GIVEN INFORMATION Start Marker

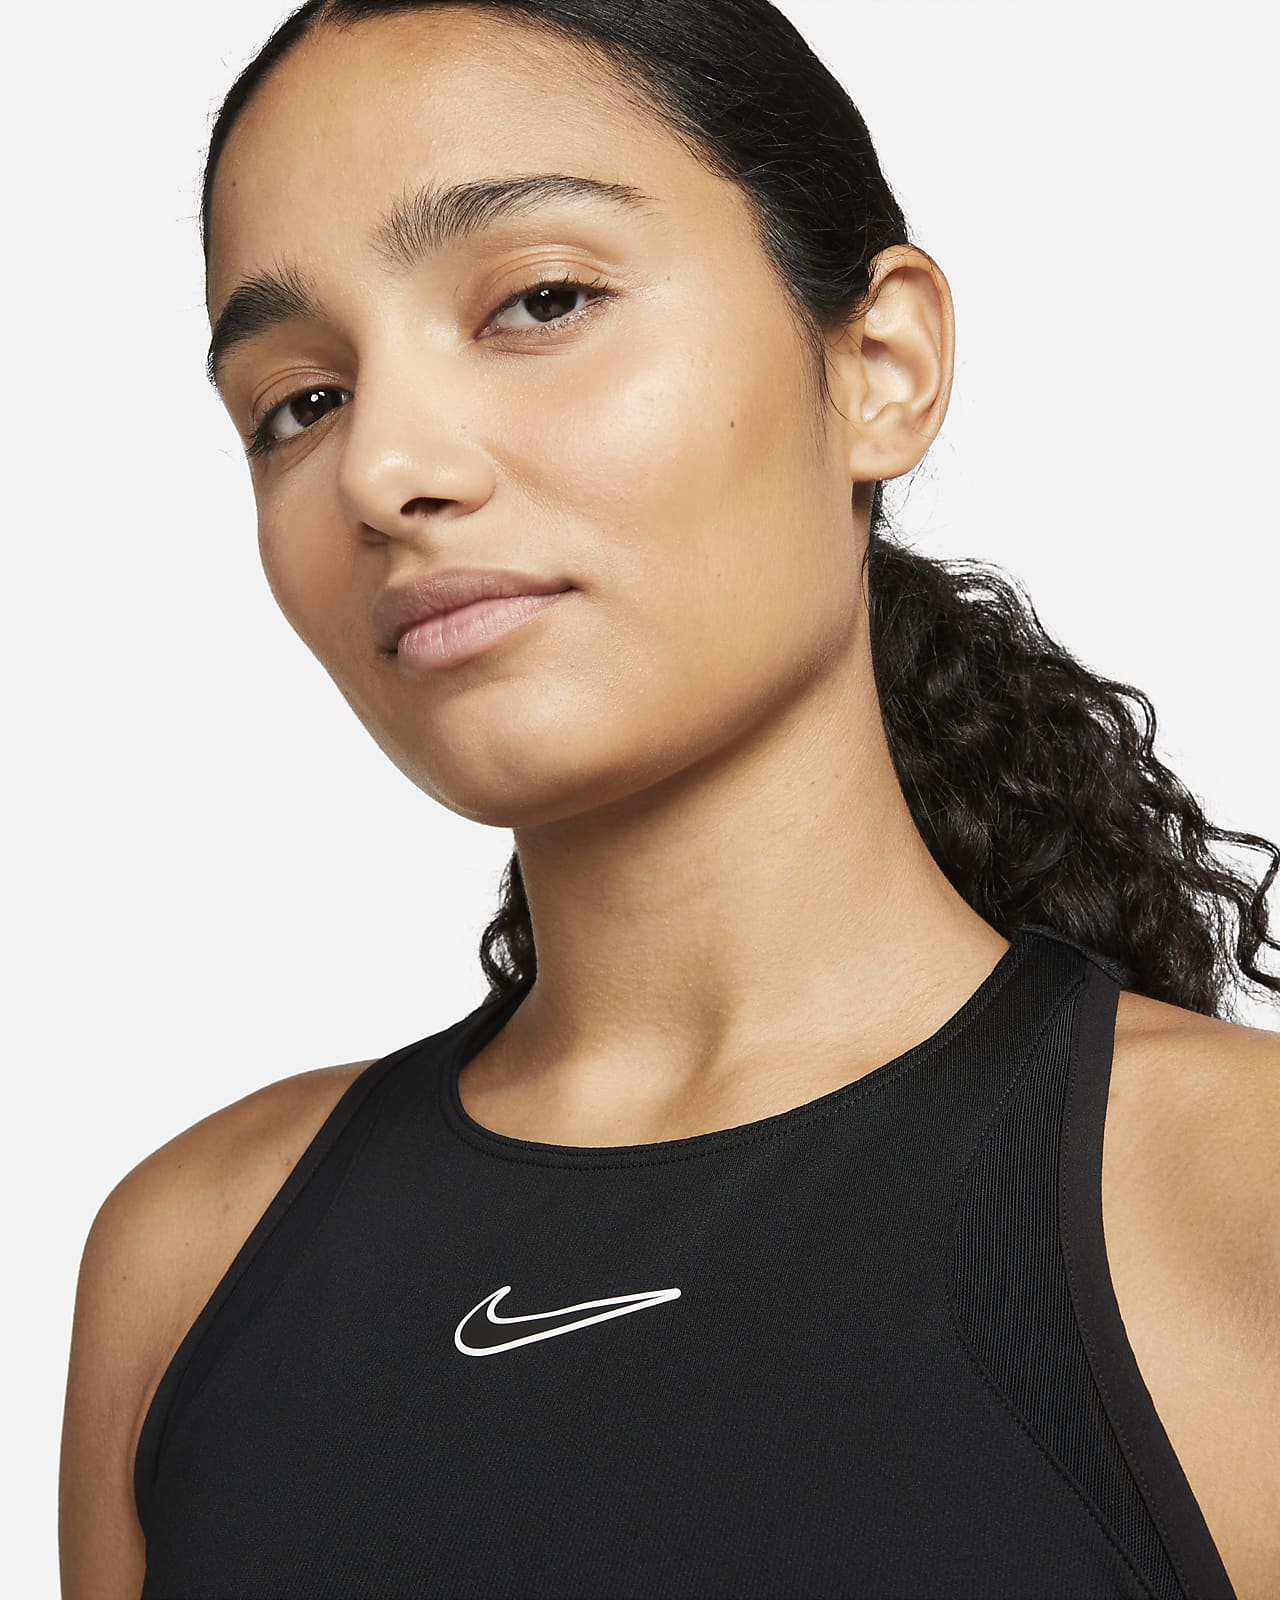 Nike Tennis dress NIKECOURT DRI-FIT SLAM in white
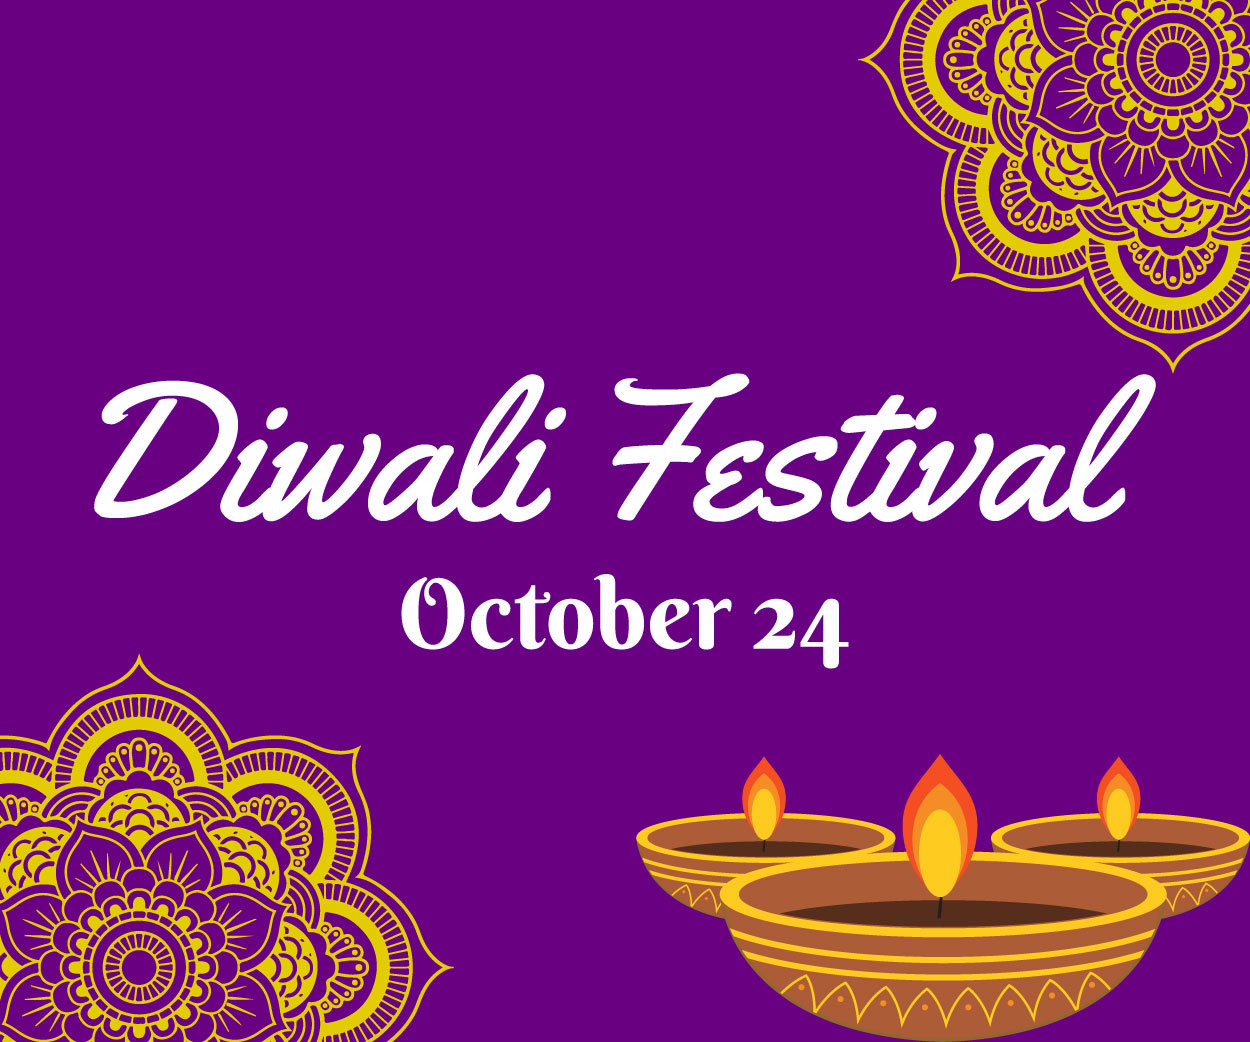 Free Diwali Photo Banner
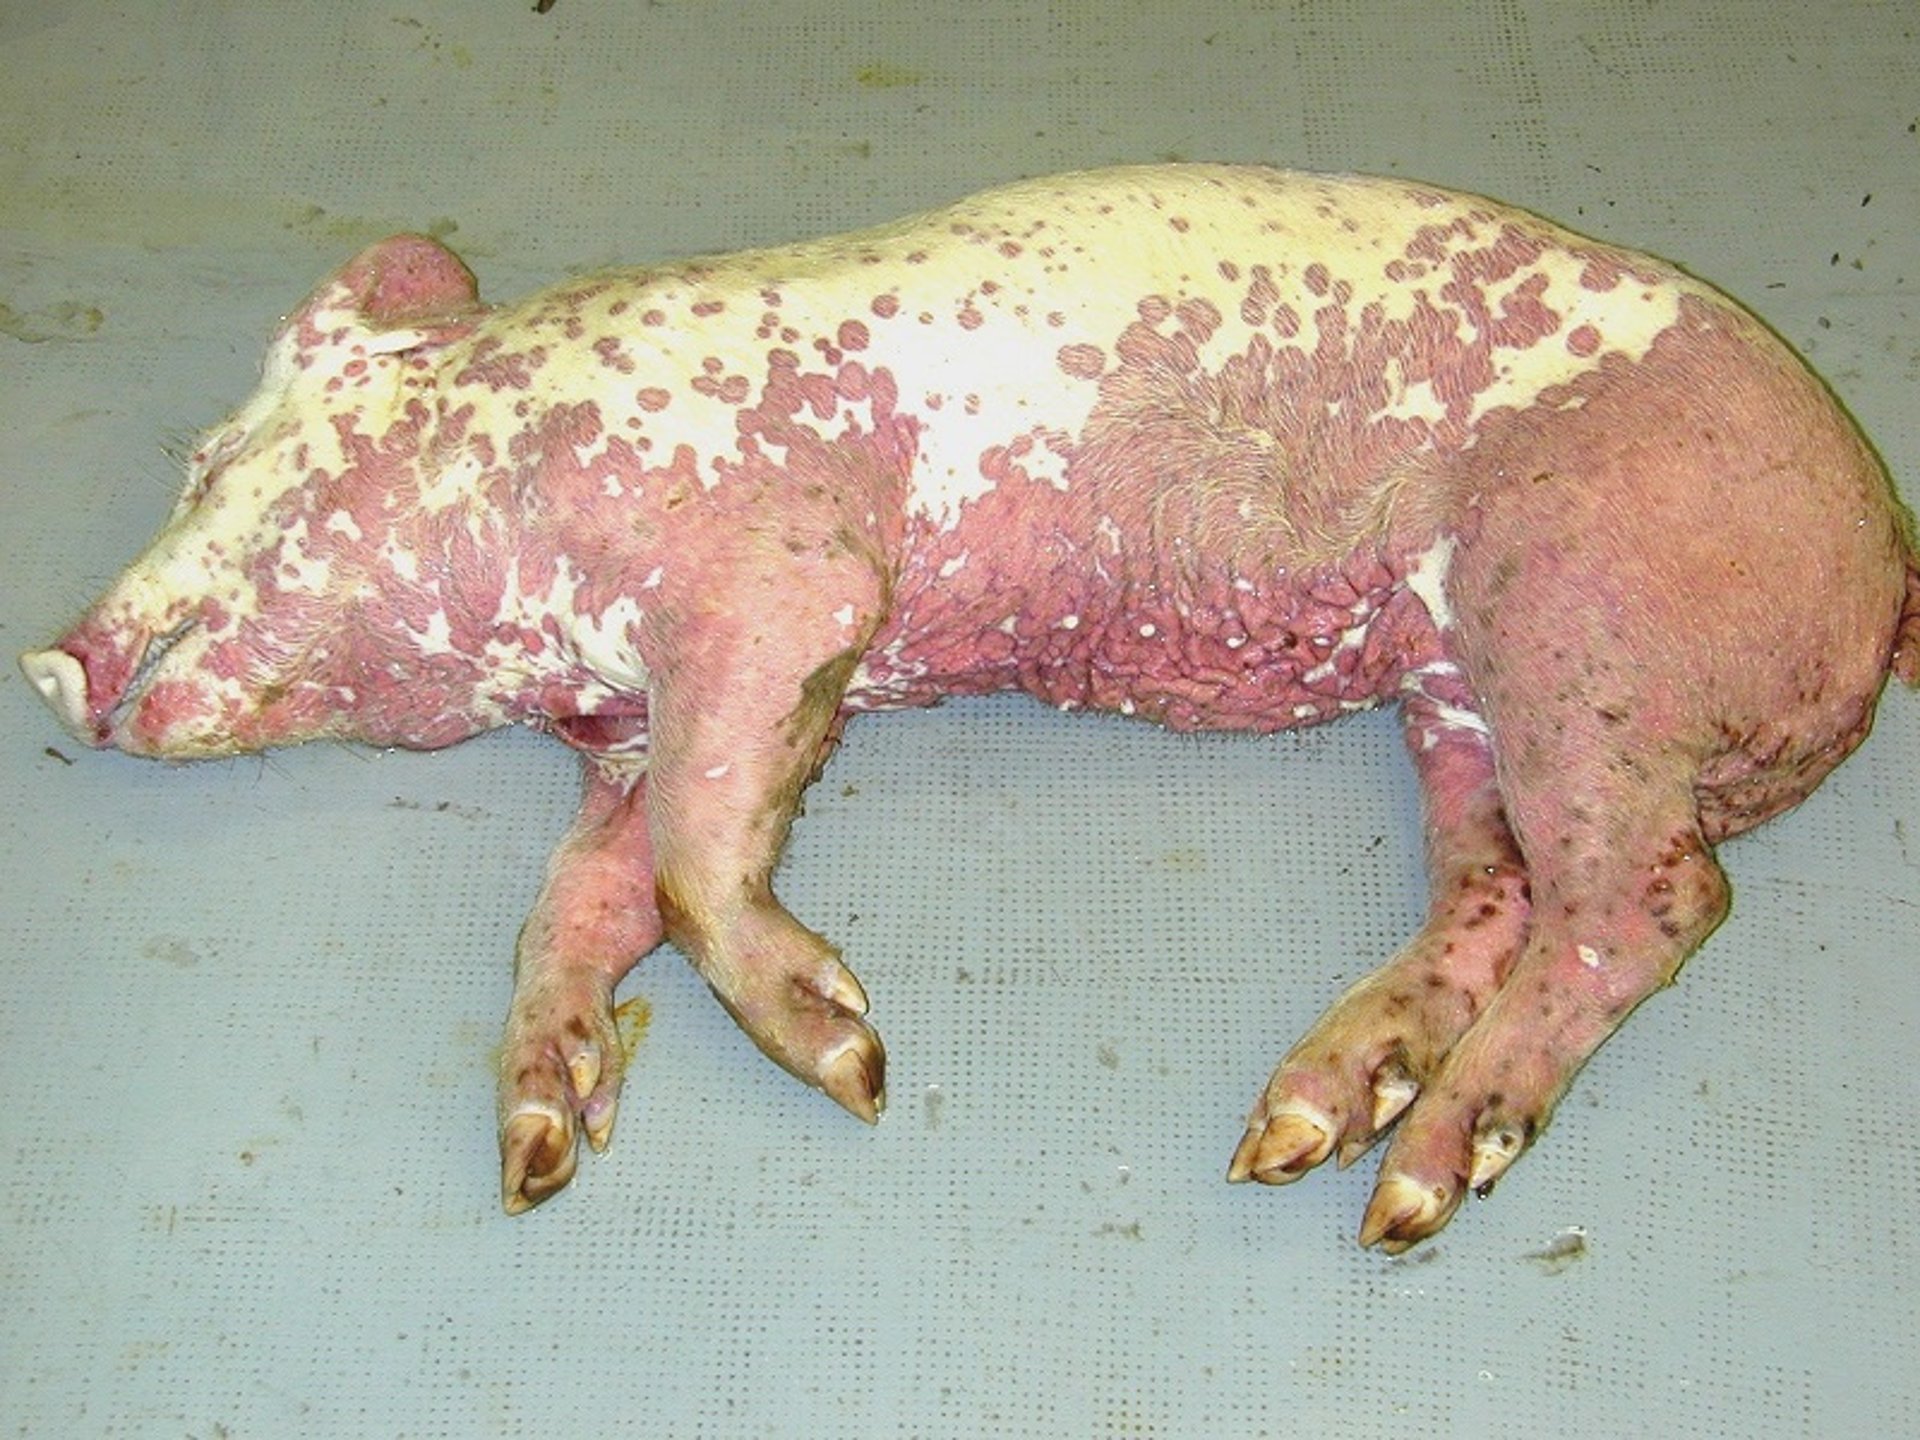 Porcine dermatitis and nephropathy syndrome, pig

GIVEN INFORMATION End Marker

▶ [PROBLEM TO SOLVE]
The expected output is the full material above, unaltered, with pictures removed.

▶ [ANSWER FOR THE TASK]
 Nike Tennis dress NIKECOURT DRI-FIT SLAM in white
 Free Diwali Photo Banner
 Porcine dermatitis and nephropathy syndrome, pig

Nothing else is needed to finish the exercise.